Department of Medical Biophysics, University of Toronto, Toronto, Canada; Hurvitz Brain Sciences Research Program, Sunnybrook Research Institute, Toronto, Canada; Physical Sciences, Sunnybrook Research Institute, Toronto, Canada.
Hurvitz Brain Sciences Research Program, Sunnybrook Research Institute, Toronto, Canada; Physical Sciences, Sunnybrook Research Institute, Toronto, Canada; Canadian Partnership for Stroke Recovery, Heart and Stroke Foundation, Toronto, Canada.

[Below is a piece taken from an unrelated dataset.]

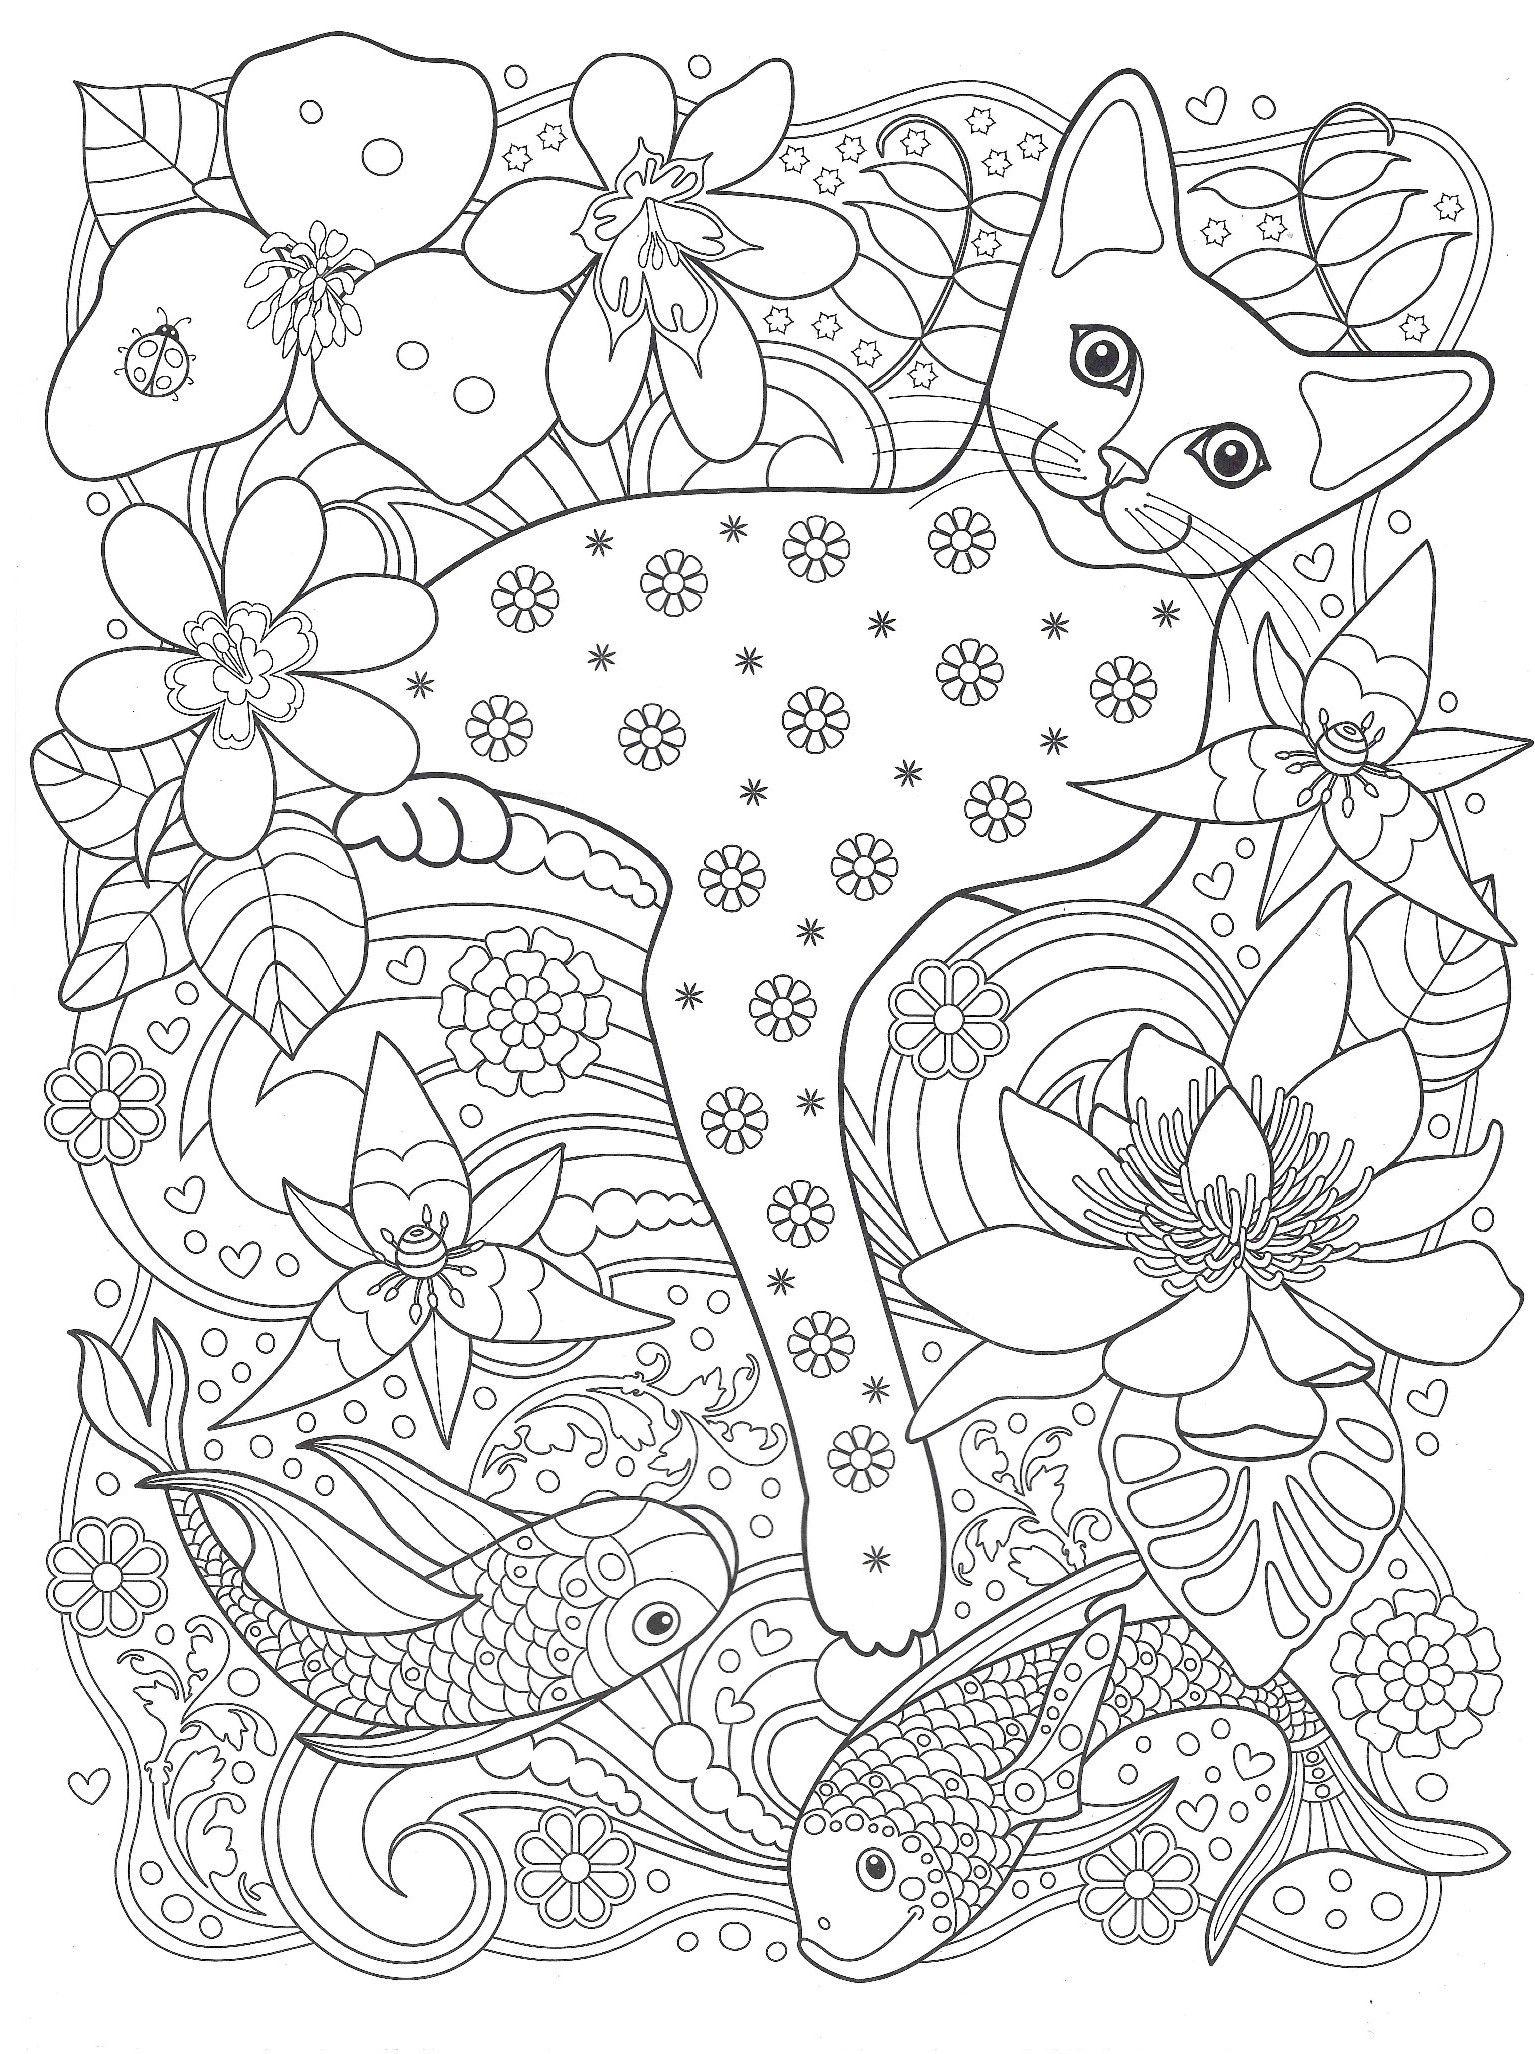 Раскраска антистресс коты в цвете

Neuroimage. 2023 Sep;278:120289. doi: 10.1016/j.neuroimage.2023.120289. Epub 2023 Jul 24.
Deep artificial neural networks (DNNs) have moved to the forefront of medical image analysis due to their success in classification, segmentation, and detection challenges. A principal challenge in large-scale deployment of DNNs in neuroimage analysis is the potential for shifts in signal-to-noise ratio, contrast, resolution, and presence of artifacts from site to site due to variances in scanners and acquisition protocols. DNNs are famously susceptible to these distribution shifts in computer vision. Currently, there are no benchmarking platforms or frameworks to assess the robustness of new and existing models to specific distribution shifts in MRI, and accessible multi-site benchmarking datasets are still scarce or task-specific. To address these limitations, we propose ROOD-MRI: a novel platform for benchmarking the Robustness of DNNs to Out-Of-Distribution (OOD) data, corruptions, and artifacts in MRI. This flexible platform provides modules for generating benchmarking datasets using transforms that model distribution shifts in MRI, implementations of newly derived benchmarking metrics for image segmentation, and examples for using the methodology with new models and tasks. We apply our methodology to hippocampus, ventricle, and white matter hyperintensity segmentation in several large studies, providing the hippocampus dataset as a publicly available benchmark. By evaluating modern DNNs on these datasets, we demonstrate that they are highly susceptible to distribution shifts and corruptions in MRI. We show that while data augmentation strategies can substantially improve robustness to OOD data for anatomical segmentation tasks, modern DNNs using augmentation still lack robustness in more challenging lesion-based segmentation tasks. We finally benchmark U-Nets and vision transformers, finding robustness susceptibility to particular classes of transforms across architectures. The presented open-source platform enables generating new benchmarking datasets and comparing across models to study model design that results in improved robustness to OOD data and corruptions in MRI.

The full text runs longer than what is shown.